To many she was "Mildred Kadish." To me she was "Gram." And when she fell in the dining room of her assisted living facility (the result of her commitment to high heels long after her peers had acquiesced to walkers), she became, in an indirect sense, my first patient. My family and I found ourselves her hospital advocates, and I, as the only doctor in the family, became her chief overseer. She happened to be hospitalized at the medical center from which I received my medical degree, and even when she was most confused -- clinically delirious -- she knew I had just graduated from medical school and remembered to ask all who entered her room if they knew me.

Gram was an extraordinary person who happened to be hospitalized for a fractured hip, not the other way around. As a doctor-in-training in the hospital with her, I experienced firsthand a powerful conflict between medical staff and patients and their families. Specifically, the emotionally intense demands of dealing with acutely ill people can drive medical personnel to objectify a patient at the moments when a patient and her family most vulnerably yearn for personalization and humanity.

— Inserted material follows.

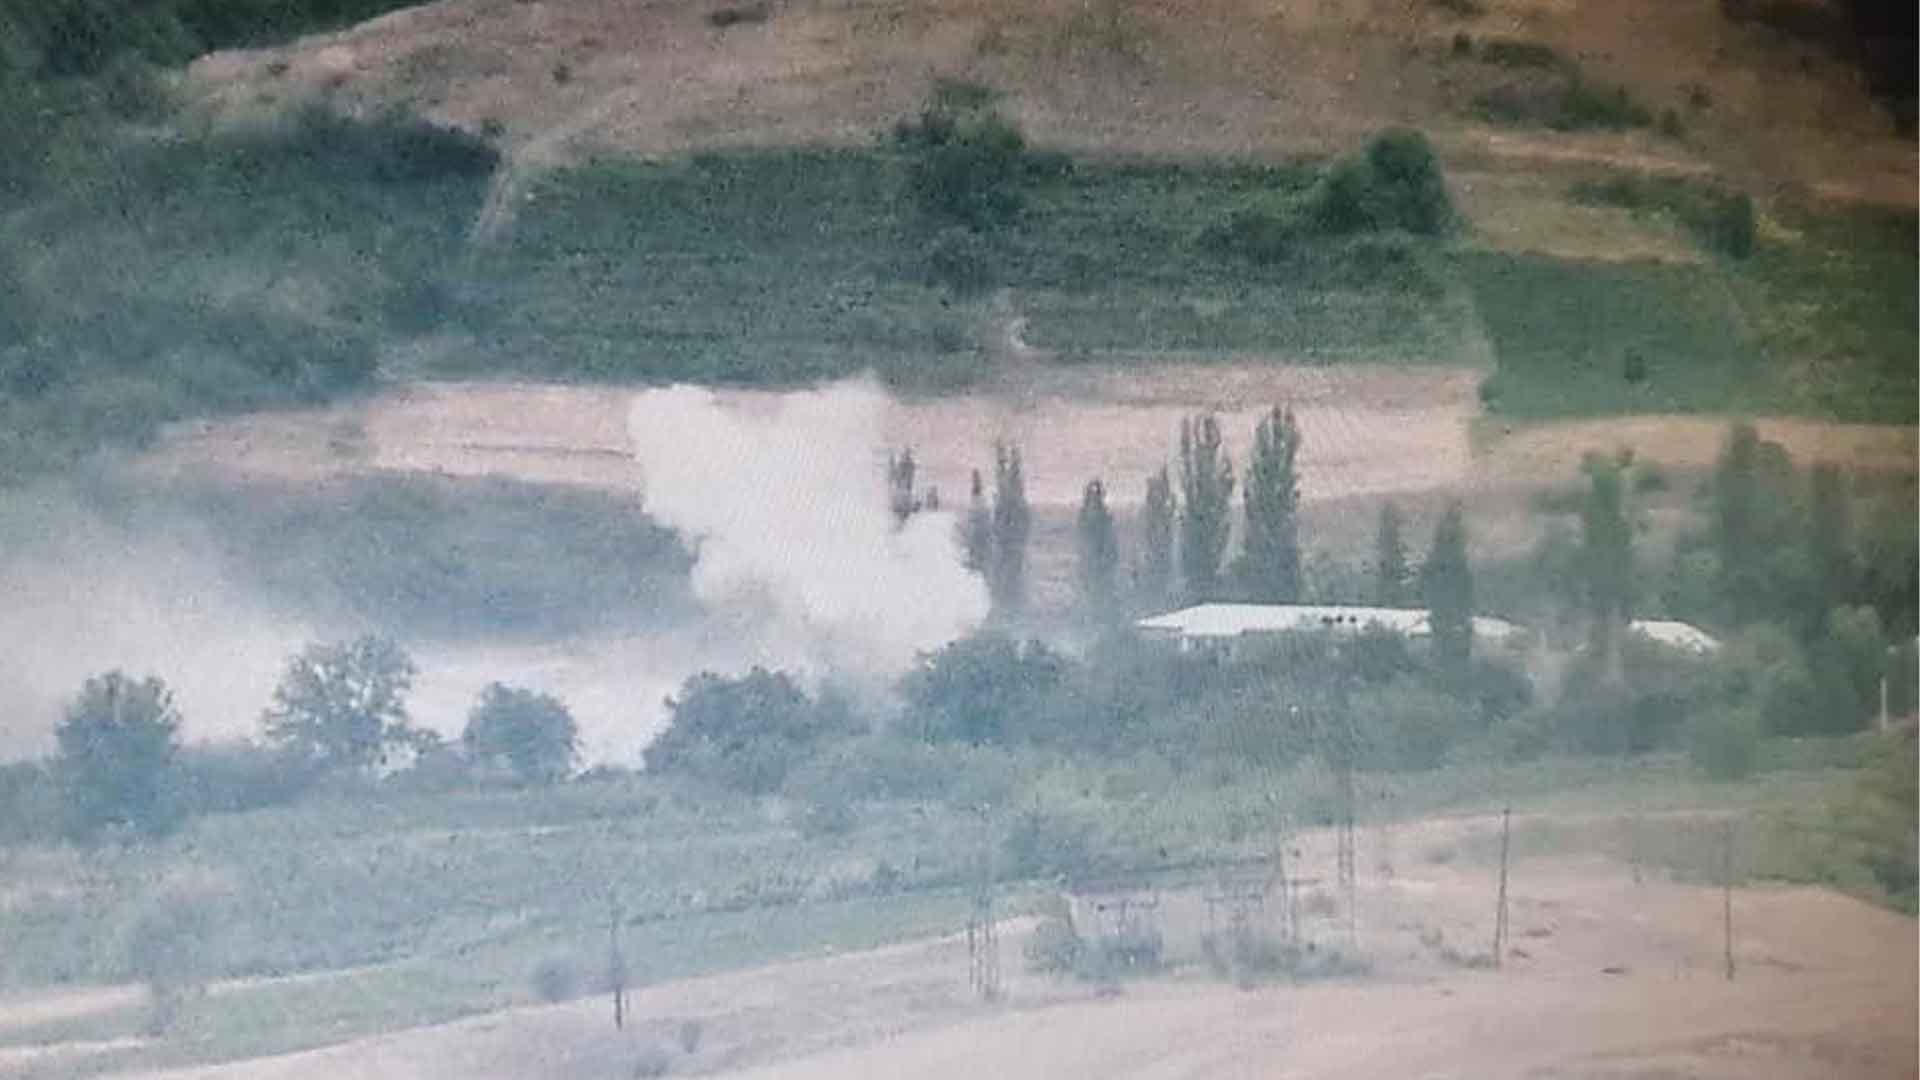 Dailystorm - Азербайджан нанес артиллерийский удар по армянским приграничным селам

That hospitalized people are vulnerable is a trope of modern medical care, and it was an unavoidable truth as my family and I shepherded Gram through the medical system. There are the stories of patients who die because of a misdiagnosis by doctors do not ask the right questions. Those are the stories that at their worst ascend into the queue of media coverage. But for each of those stories, there are thousands of quotidian moments that similarly complicate medical care. Once, for example, a nurse gave Gram a sleep-inducing narcotic because Gram had nodded when asked whether she was in pain. In fact, Gram had been feeling fine and hadn't understood the question. Her hearing aid had been turned off. Gram was at one of the country's major medical centers, home to the best resources and finest practitioners in the world. I am deeply grateful for the training I received as a student there and the treatment my grandmother received. But even on Mount Olympus of medical care, every day we encountered flaws in Gram's treatment and were constantly reminded how important it was to advocate for her.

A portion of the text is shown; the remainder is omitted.